Curtis Trimble - Analyst
On the rig side, are the contractors at the point yet where they will exchange term for day rate?
Alton Heckaman - EVP & CFO
We're not doing term contracts. We haven't been for quite some time, maybe two years.
Curtis Trimble - Analyst
But are they offering up that opportunity for a lower day rate, i.e., going down 40% if you will take it for six months?
Bob Banks - EVP, COO
Yes, probably, as Mike said, probably 30% to 40% range, with no term type contract.
Curtis Trimble - Analyst
Okay. Very good. Also, will you tell me what you paid for the recent acreage additions in Eagleford?
Alton Heckaman - EVP & CFO
That's a good question. I think what we really need to say there is we're still actively acquiring acreage for the area, and the historic acreage cost has been higher -- the current acreage cost has been much higher than history. In the past you could get acreage costs down there for $50 to $75 an acre. There are some areas you can still do that, but not very many, and because we've got an active program, I'd hesitate to put a price on everything.
Curtis Trimble - Analyst
I understand. I appreciate it.
Operator
Our next question is from the line of Jeff Robertson.
Jeff Robertson - Analyst
Thanks. I'm sorry if you all talked about this earlier, but the 120,000 acres you have that are prospective for the Olmos, Terry, is much of that developed with vertical wells, or is that all prospective for this potential horizontal play?

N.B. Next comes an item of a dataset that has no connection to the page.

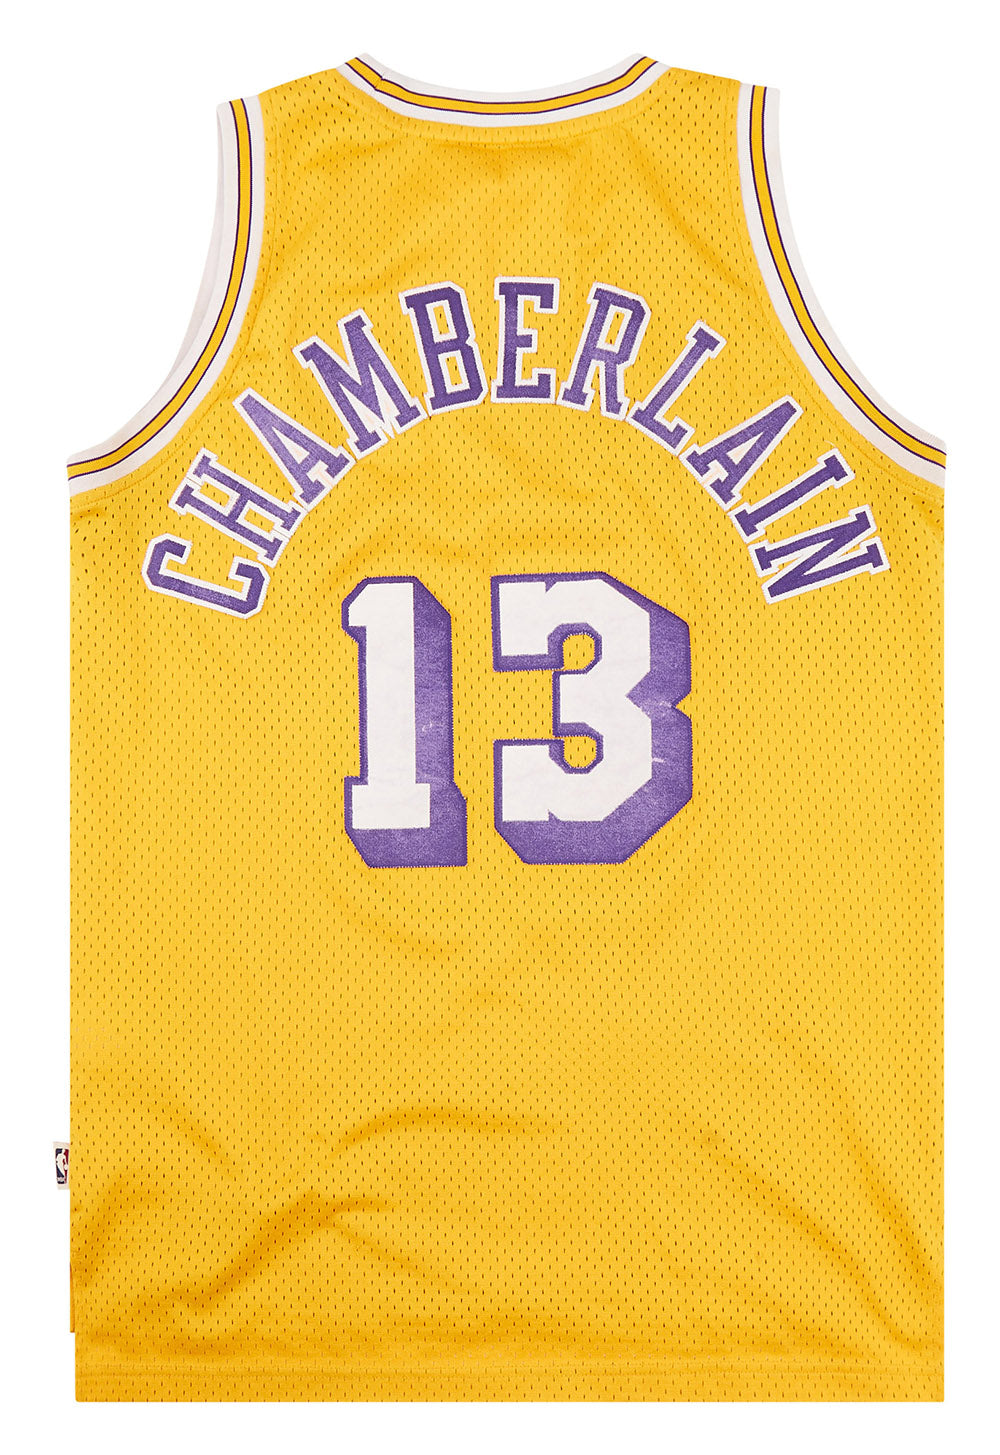 2021-23 LA Lakers James #6 Nike Swingman Away Jersey (XL)

Terry Swift - Chairman and CEO
A good bit of that is over in the Briscoe area as well as AWP. In the AWP area itself, I would say probably of the 120,000 acres, we probably have about 45,000 to 50,000 acres that has not been drilled out on the vertical side. So big, big chunk of the 120,000 is in the AWP area proper, and does not have vertical wells in it. And a big chunk of it is over in the Briscoe area and probably another 6,000 or 7,000 acres in the TSH Sun area. But we have considerable HBP acreage position also in the AWP area. And some of that HBP position actually has -- which is held by Olmos production, some of it is prospective for the Eagleford as well. So it's quite a mix depending on whether you are looking at Eagleford or you're looking ta Olmos, but when we're referring to the upside in the Olmos we're not contemplating going back and drilling horizontal wells where we've drilled the vertical.
Jeff Robertson - Analyst
Okay. And the 45,000 acres for the Eagleford, just to be clear, is that included in the 120,000, or is that separate acreage?

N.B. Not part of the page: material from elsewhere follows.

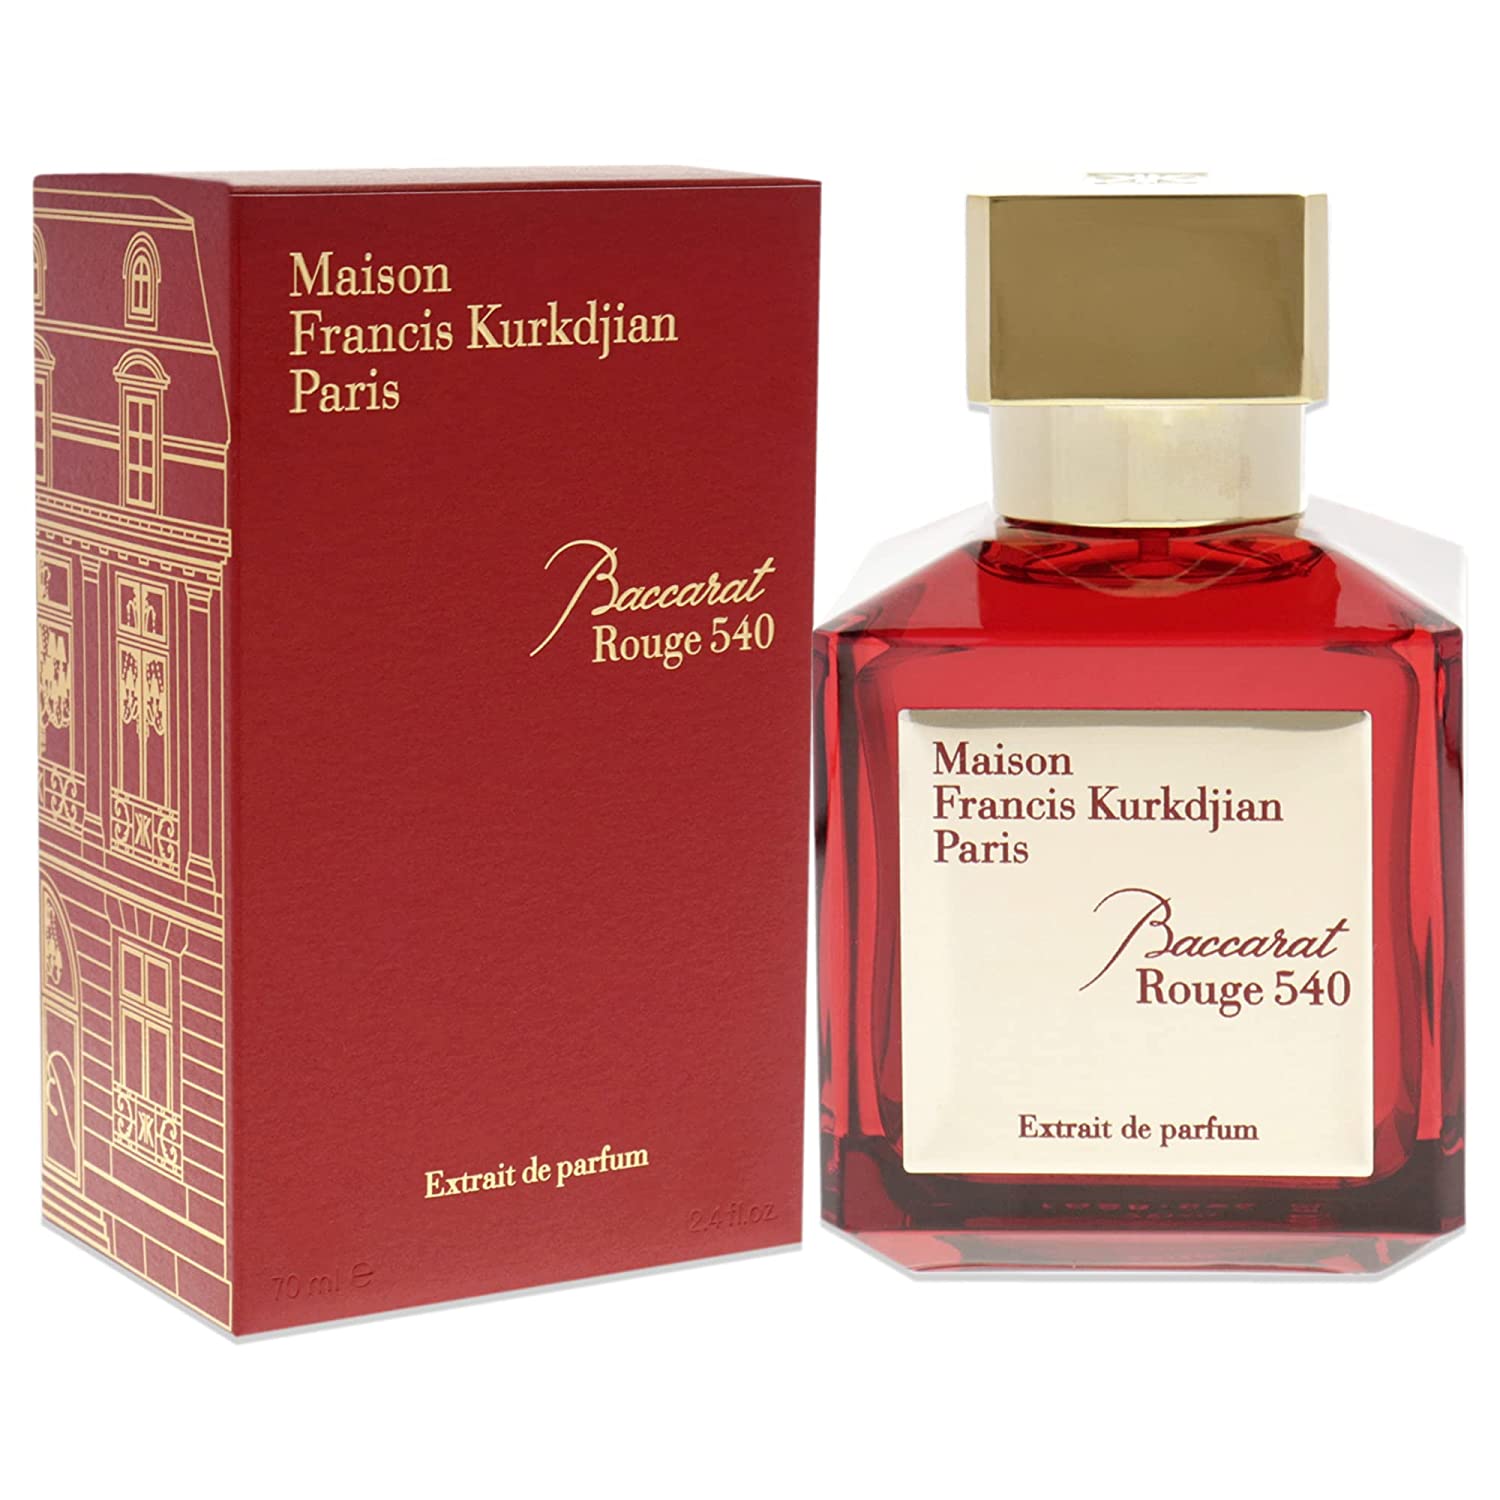 Maison Francis Kurkdjian Paris Baccarat Rouge 540 - 2.3 fl oz-2

Terry Swift - Chairman and CEO
Well, that's good question. Generally all of our Eagleford acreages, as we refer to it, also has Olmos (inaudible) with the exception of some HBP position which might be about 15,000 of it that's in AWP.
Jeff Robertson - Analyst
Okay, thank you.
Operator
Presenters, there are no further questions at this time.

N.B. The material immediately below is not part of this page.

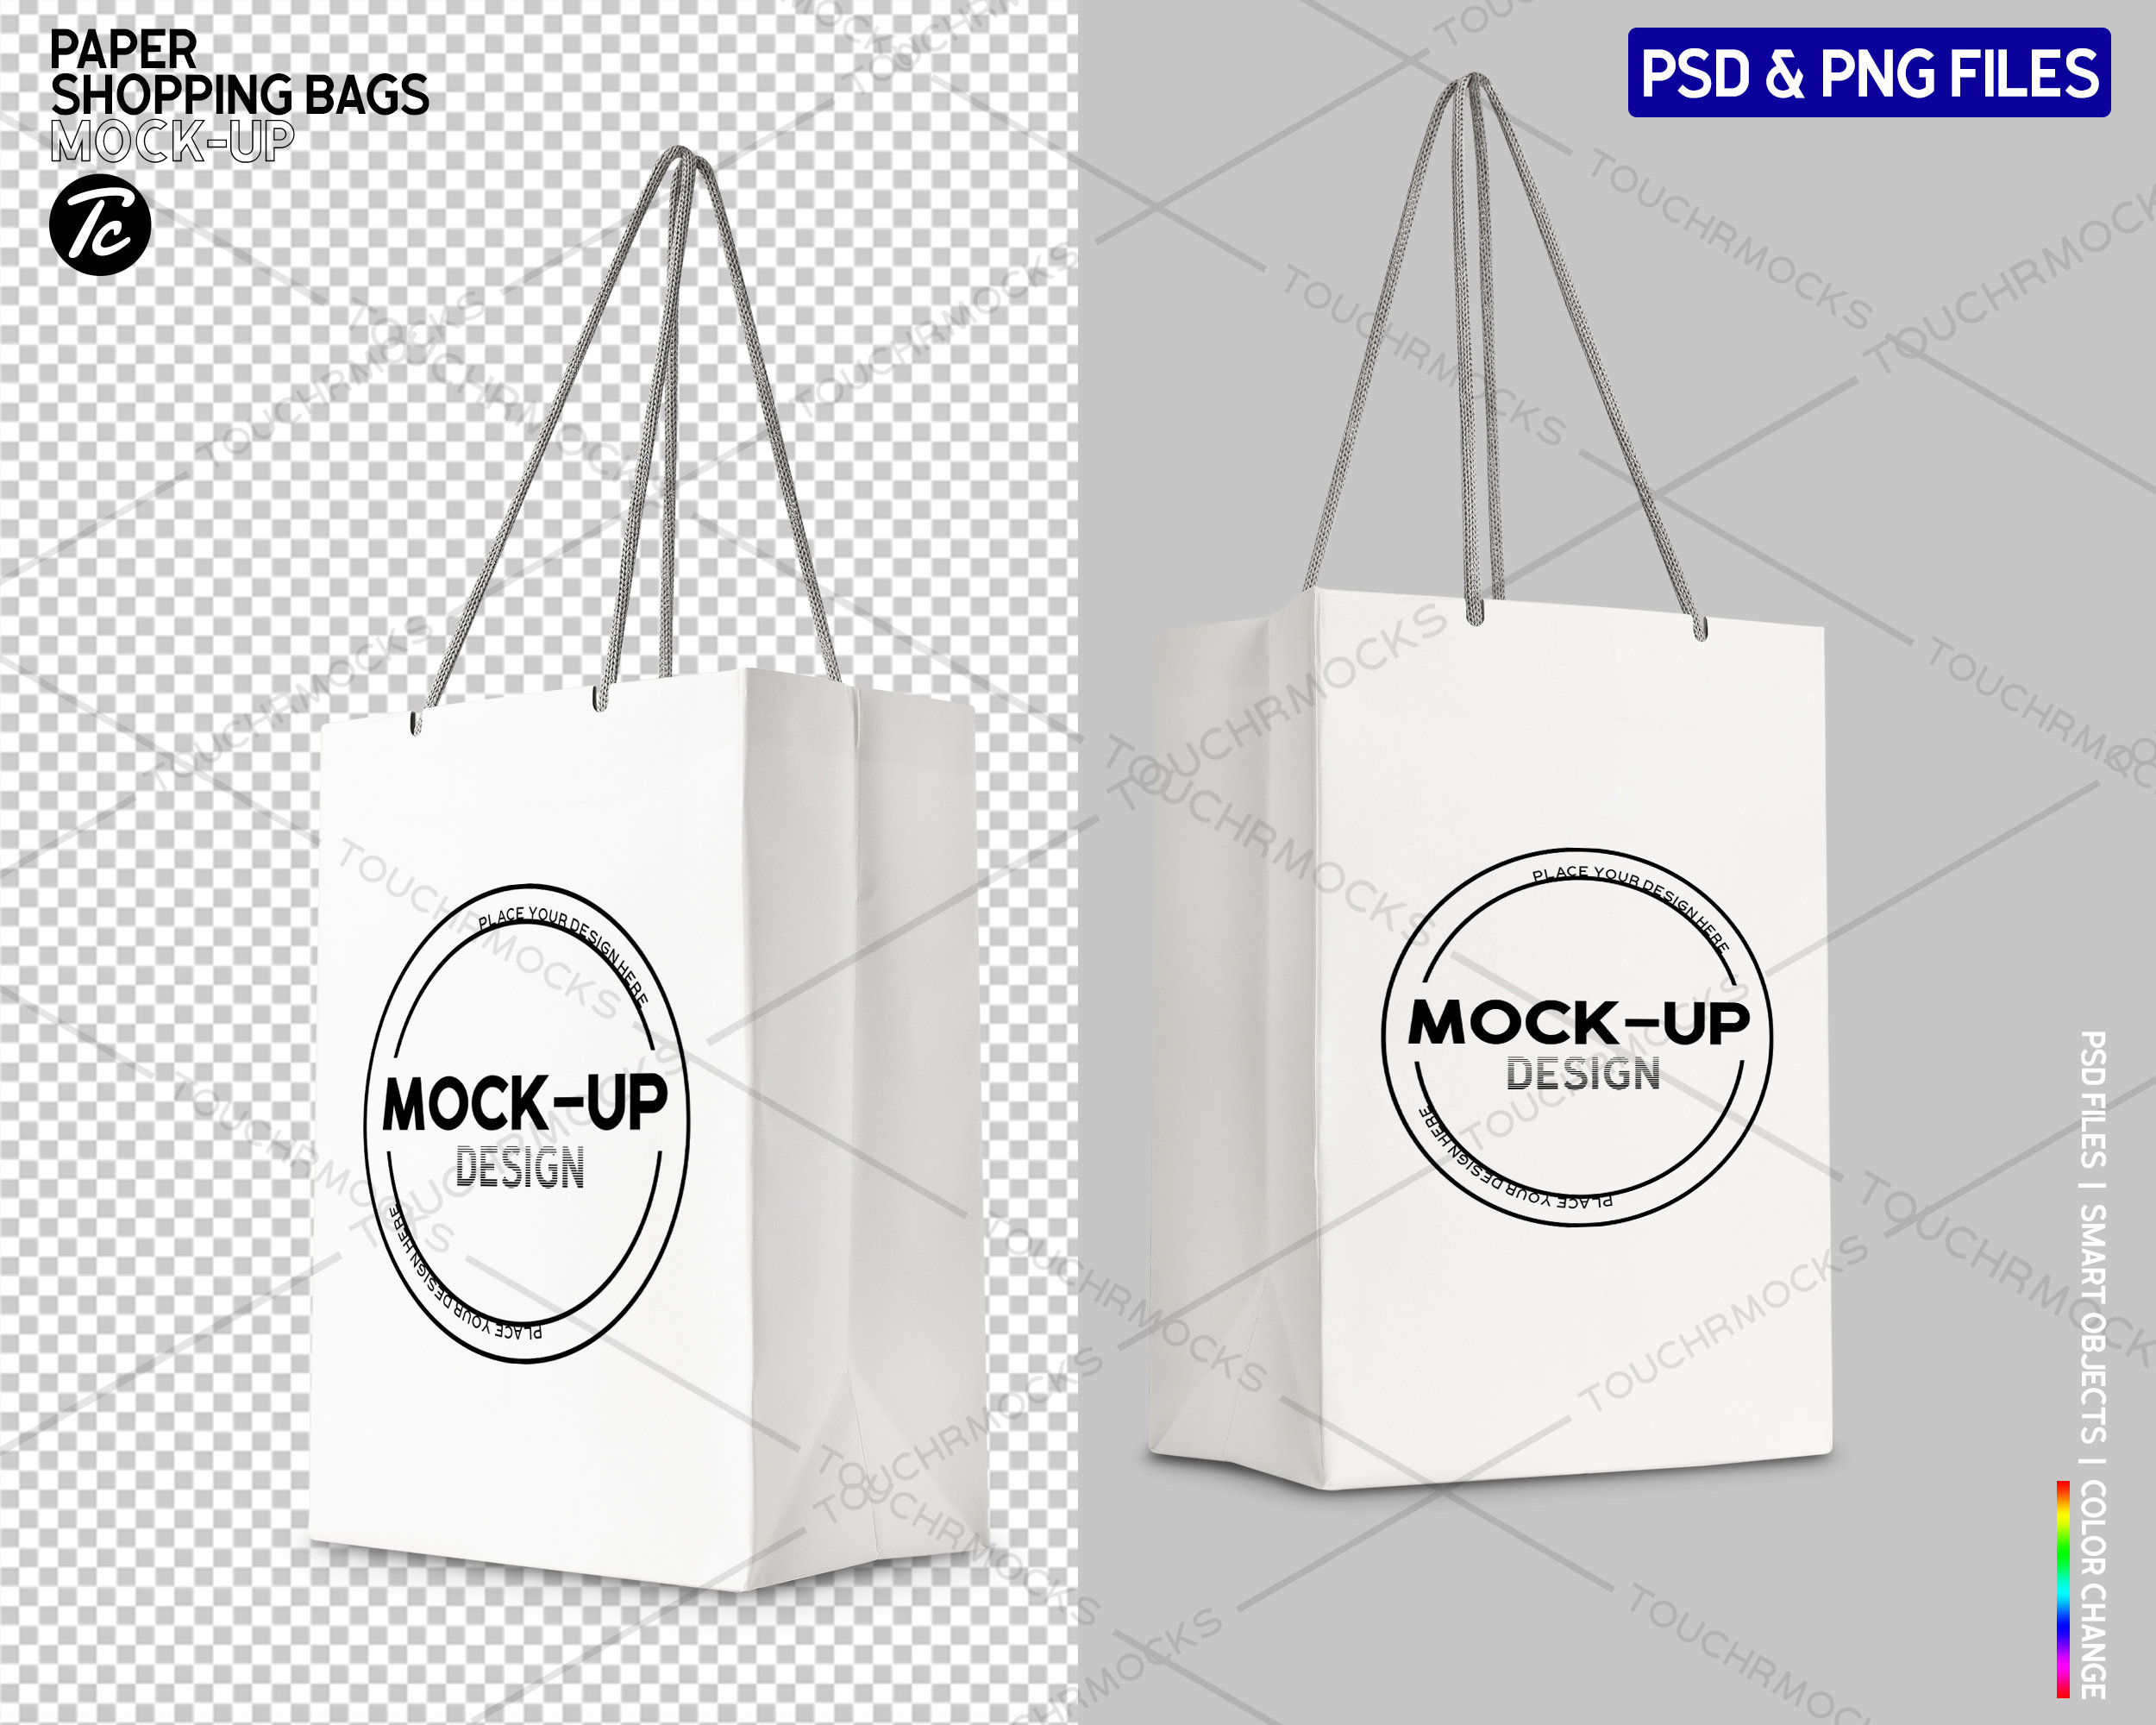 Free Gravity Flying Shopping Bag Mockup (PSD)

Terry Swift - Chairman and CEO
If there are no questions, let me just follow up on that earlier question about future development costs that we had estimated around $750 million. The actual number is $729 million of future development costs in the reserve base. Leo, I hope you're still listening. And if there are no other questions, then we really appreciate everybody's time, attention, and support, and I'm looking forward to seeing those of you that will make it next week.
Bruce Vincent - President
Thank you.
Operator
This concludes today's conference call. You may now disconnect.